I went to see Elsa. Her brother had gone back to work prematurely because he didn’t want to be a burden for the others. The Barbarian rule was simple: No work, no food. Digging and harrowing the parched soil he had overdone and broken his arm again. It got infected and was now much more painful than before. He was feverish, his arm very hot, swollen and dark red. He was a young and strong man, but without medicine he would get blood poisoning and die. I took her aside. This is bad, I said. His body will keep fighting the infection, but he will die in the end. Because he is strong, it will take longer and cause him more pain. Make it easier for him by helping him die sooner, I said. Come with me to the spring, there is some hemlock growing there. No, no! she cried, I will not kill my brother. I started walking towards the hill. She hesitated, then came running to catch up with me. Walking by my side she wept quietly. Up at the spring I picked some hemlock, put it in her hand and folded her fingers around it. I hugged her and said gently: Be strong. Help him.

She turned without a word and walked back to the village.



Apocalypse 
 The terrible years from 2060 to 2085 AD

The King brought order to the realm.
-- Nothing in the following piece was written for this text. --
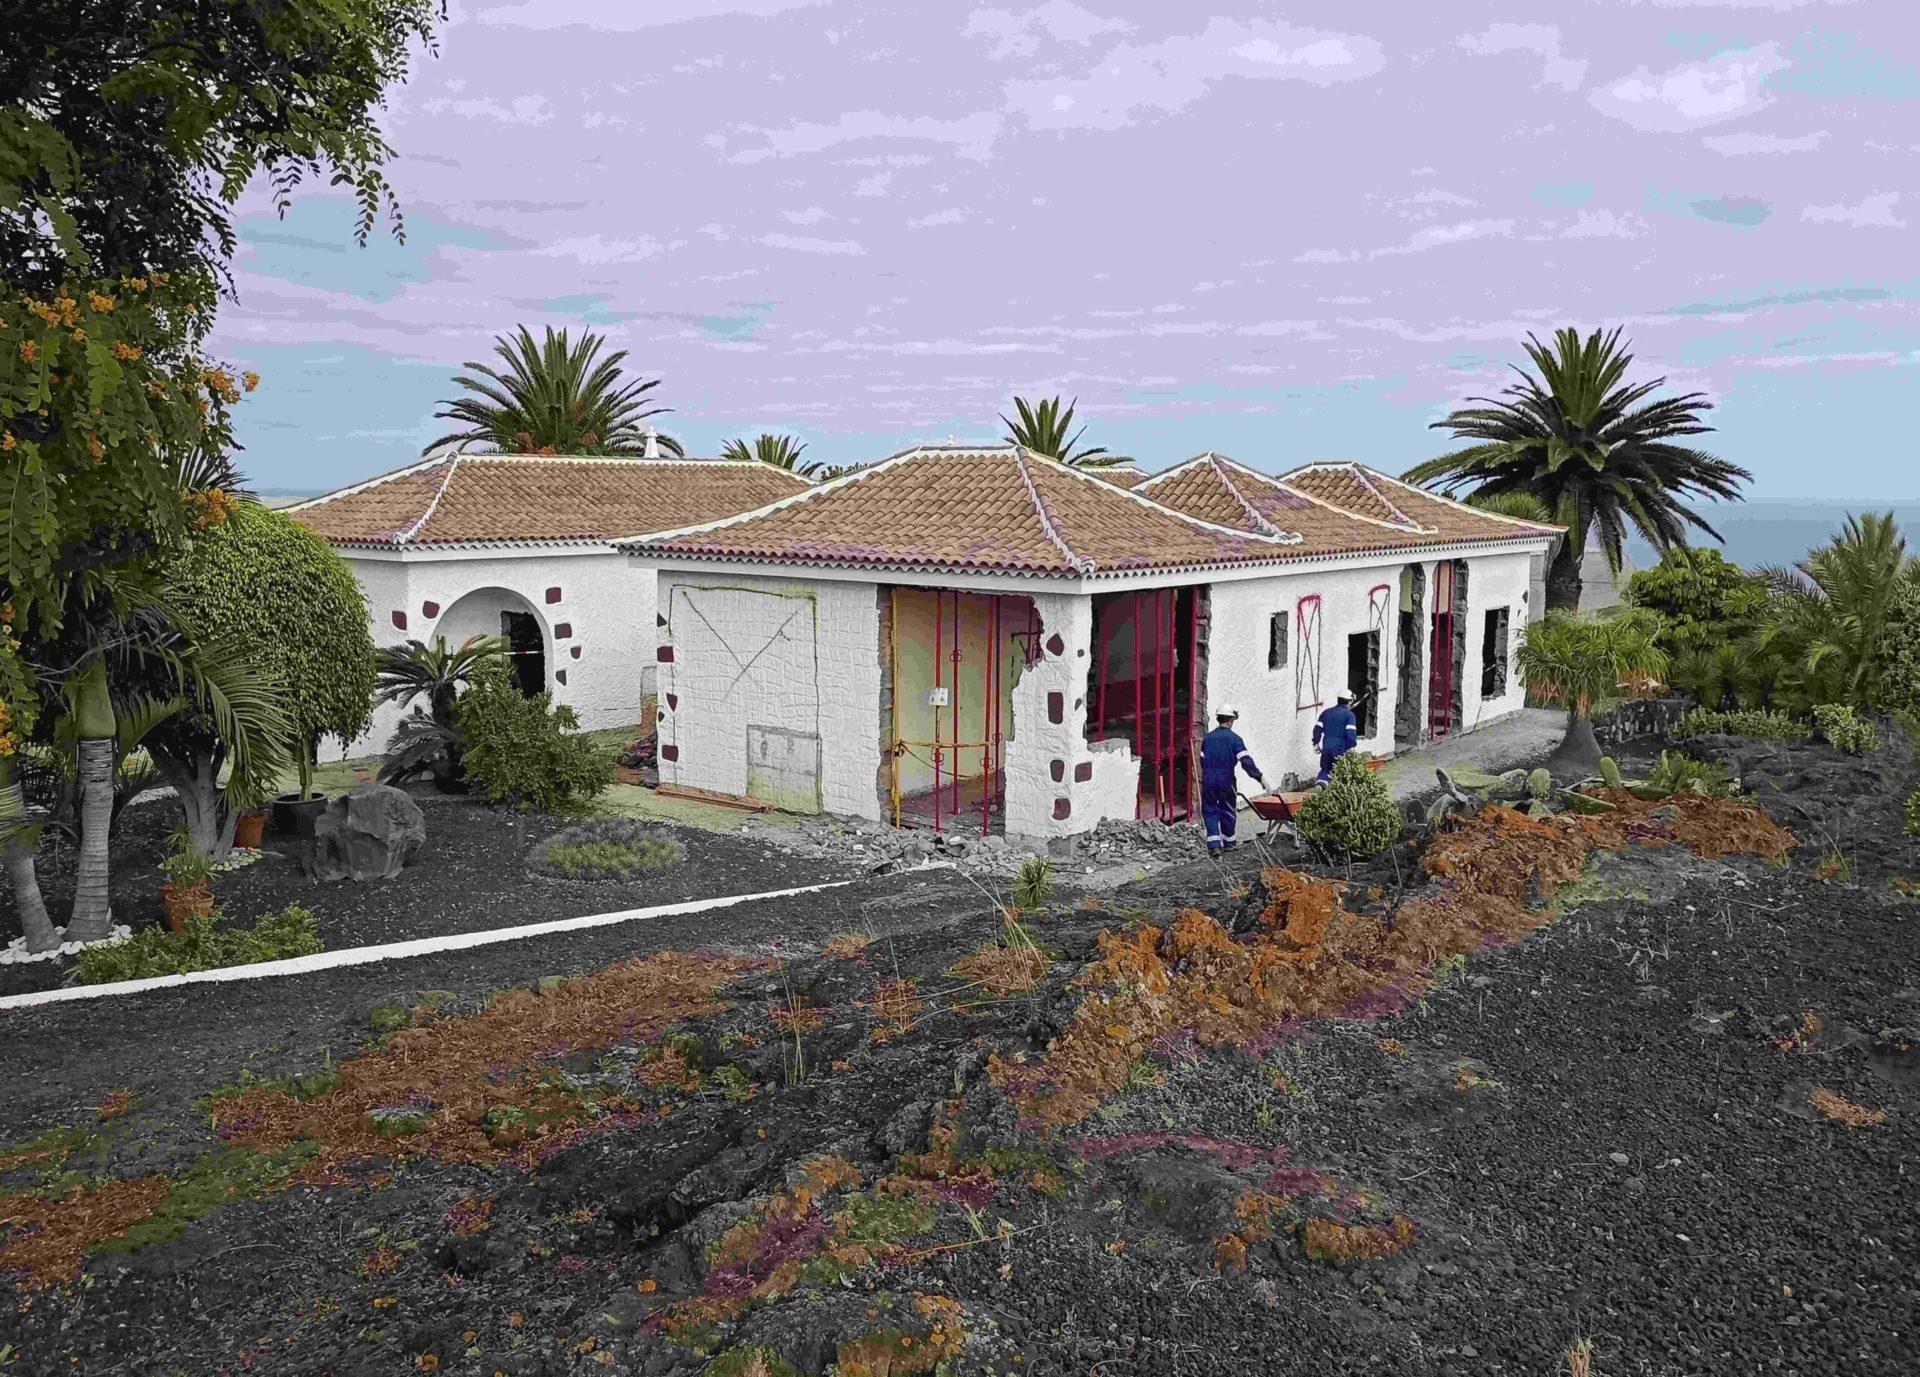 HCM home remodeling in Tenerife 2021

And prosperity for a favoured few. Fear, hunger, and back-breaking work for the rest. The large underclass of slaves served a tiny oligarchy which ran a brutal system of exploitation. They called themselves the “Lords” in order to cover the stench surrounding their origins. They owned the land, the slaves, the mines ... everything. They lived in fortified palaces protected by thousands of soldiers. They elected the Council advising the King. The King was the centre of power and the ultimate authority, governing, adjudicating, administering life and death.
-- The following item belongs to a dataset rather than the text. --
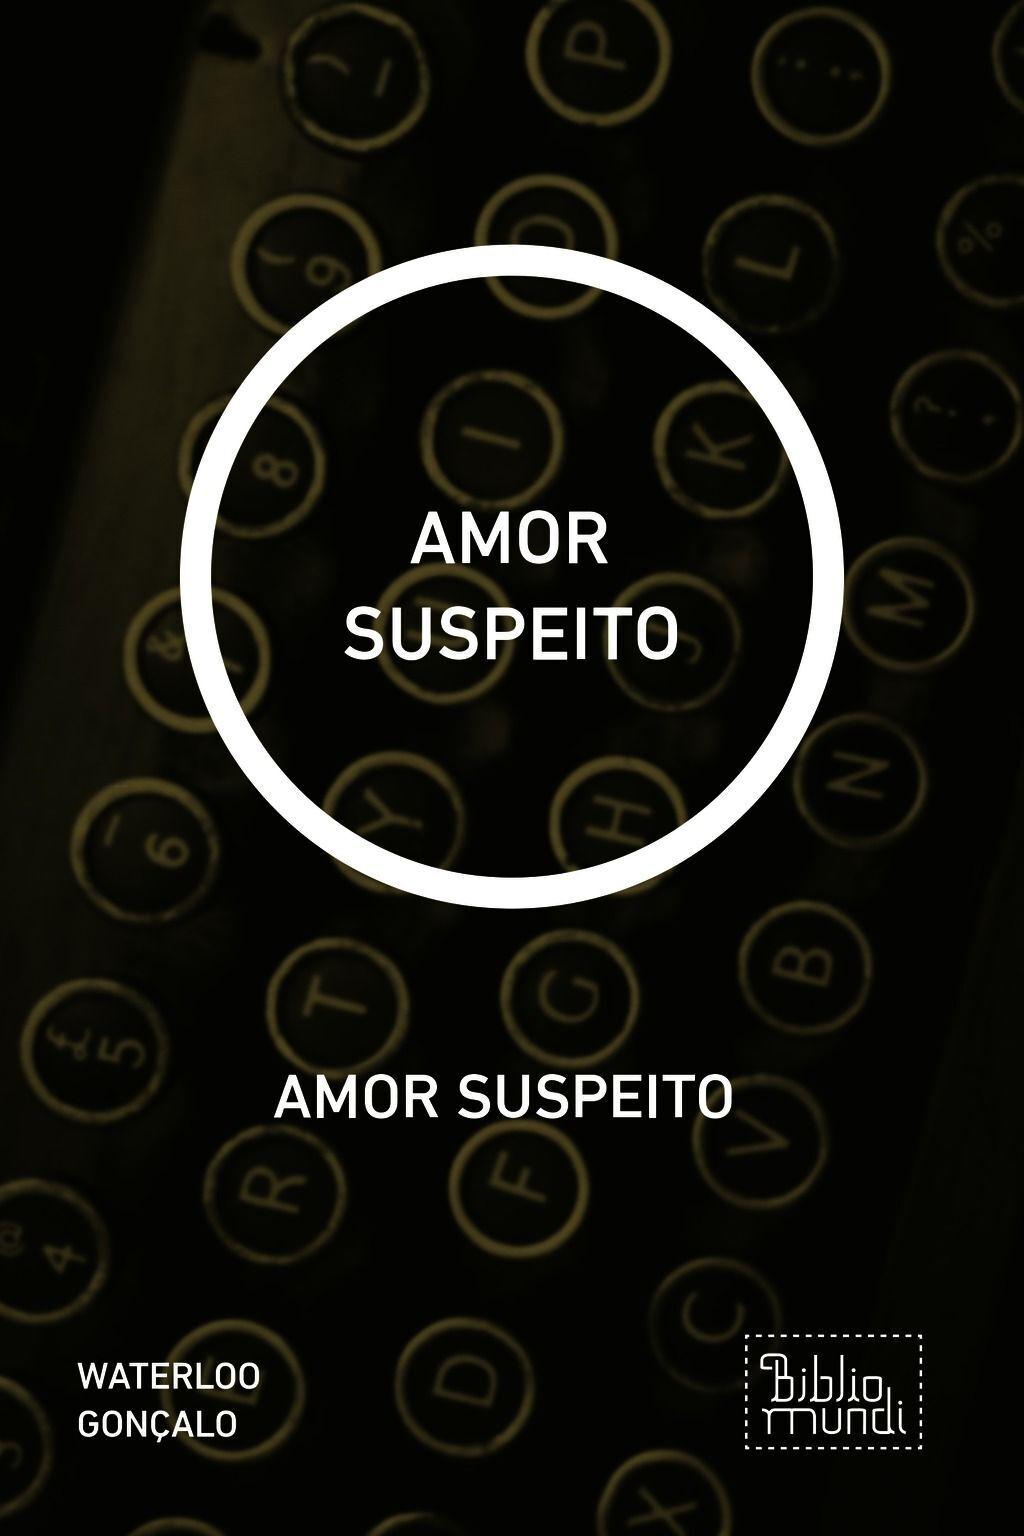 Amor Suspeito

Democracy had been lost and forgotten. This was not a big loss. It had been a sham in most countries around the world anyway. A fig leaf to hide the corruption, violence, and fraud underneath. Many a tyrant was meticulously holding regular “democratic” elections. In the western world it degenerated into a farce, a stage-managed pop event, financed by corporates and other parties with vested interests. It was useful, though: It distracted the populace from the real issues, hiding what was going on and giving them the warm feeling to have had their say.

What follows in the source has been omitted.